Disney has a problem with its movie studio. In all divisions except Miramax they seem to have lost traction. I tried to find the link to the annual report statement, a few years back, where Disney was reworking their movie contracts. It was going to save lots of dollars. So far, it looks like it shaved a lot of profits. I do not think you go from being #1 or #2 for a decade and then fall flat on your face for no reason. Mr. Eisner talked about saving money. I wish someone would ask if, by saving money, they lost their best people and their annual position at the top.

As a consultant, I am always looking for "opportunities." When I read Disney's recent annual reports, it always struck me that they lacked a long-term focus.

Look at the 2002 annual report. No mention of Monk and its Emmy for Best Actor. Disney Family, our $5.3 billion purchase, got four paragraphs and no pictures? Two of those paragraphs were single sentences! You would think that adding so much debt to the company's balance sheet would have deserved a better explanation of what was going to happen.

My #1 concern for Disney, seeing the results that have been harvested by lowering the average movie budget and reworking contracts, is that the company-wide reduction in capital spending will cause similar negative results throughout Disney. Was Mr. Eisner really candid when he announced that the assets had been laid in and that is was time to harvest the investment? If so, why is the following true for the period from 1994 to 2002?

Capital Spending has decreased from $.65 to $.50 a share.

For Mr. Eisner's statement to be true, he would have to be getting more out of the assets by spending less. But, is that correct? It might be worth looking at Disney's results and asking, once again, why are returns falling?

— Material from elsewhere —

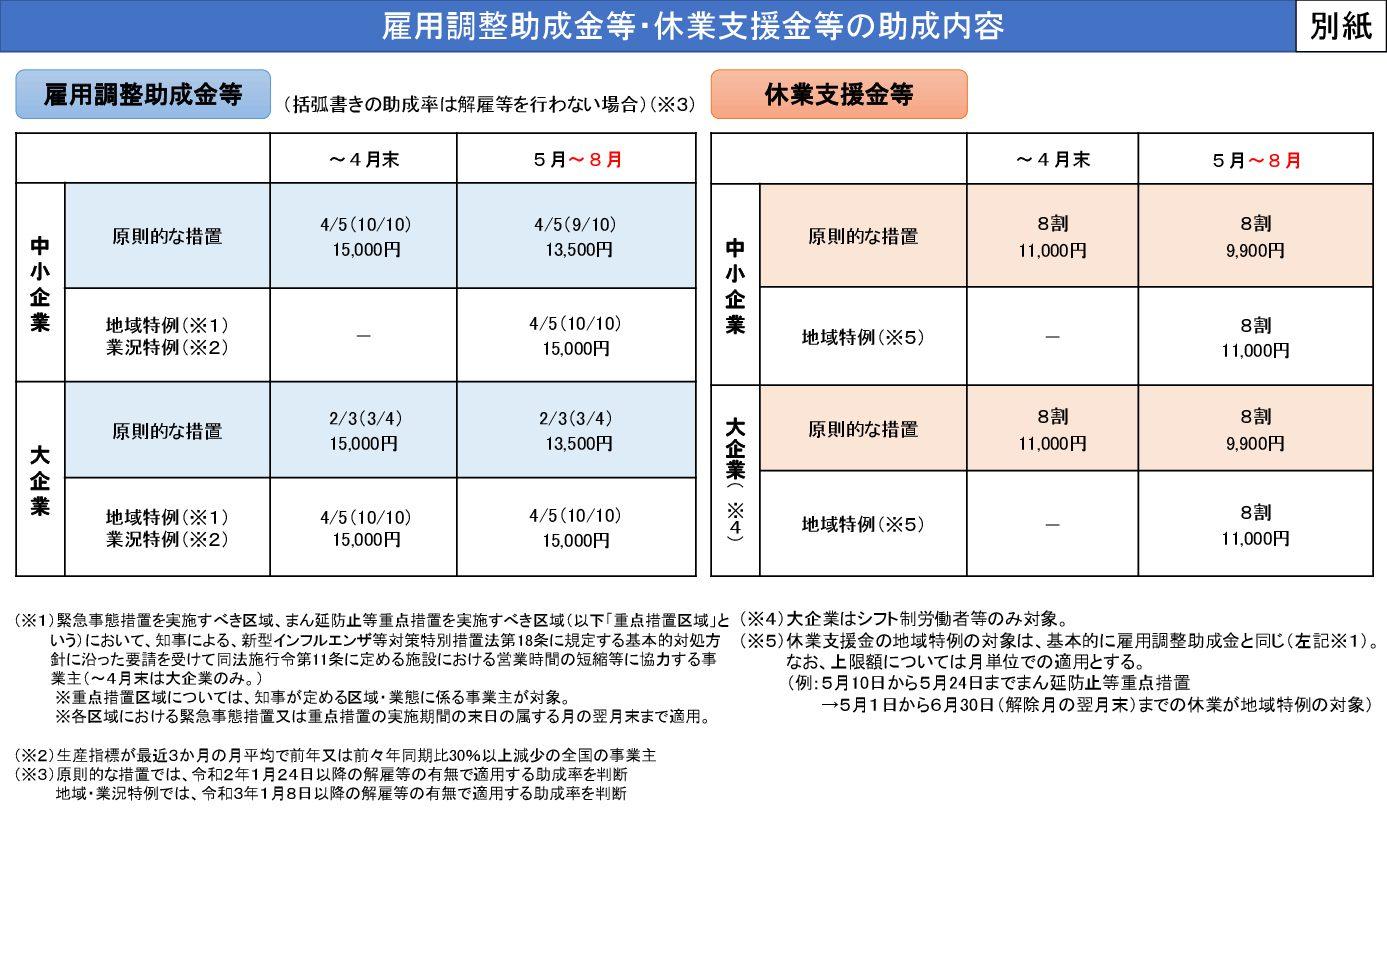 千葉県より 8月以降の雇用調整助成金の特例措置等

Earnings can increase and that would be nice. But if the Return on Capital stays at 3.0%, instead of rising back to 14.4% (where it was in 1994), will Disney be a great investment. In a word, no. 3% is not what you expect when you invest billions. Note that the annual report does not state on Return on Capital goal -- or any other financial measures that should be tracked to see if the executives are performing. Disney expects pay-for-performance from the cast. It is time they expect it from the executives.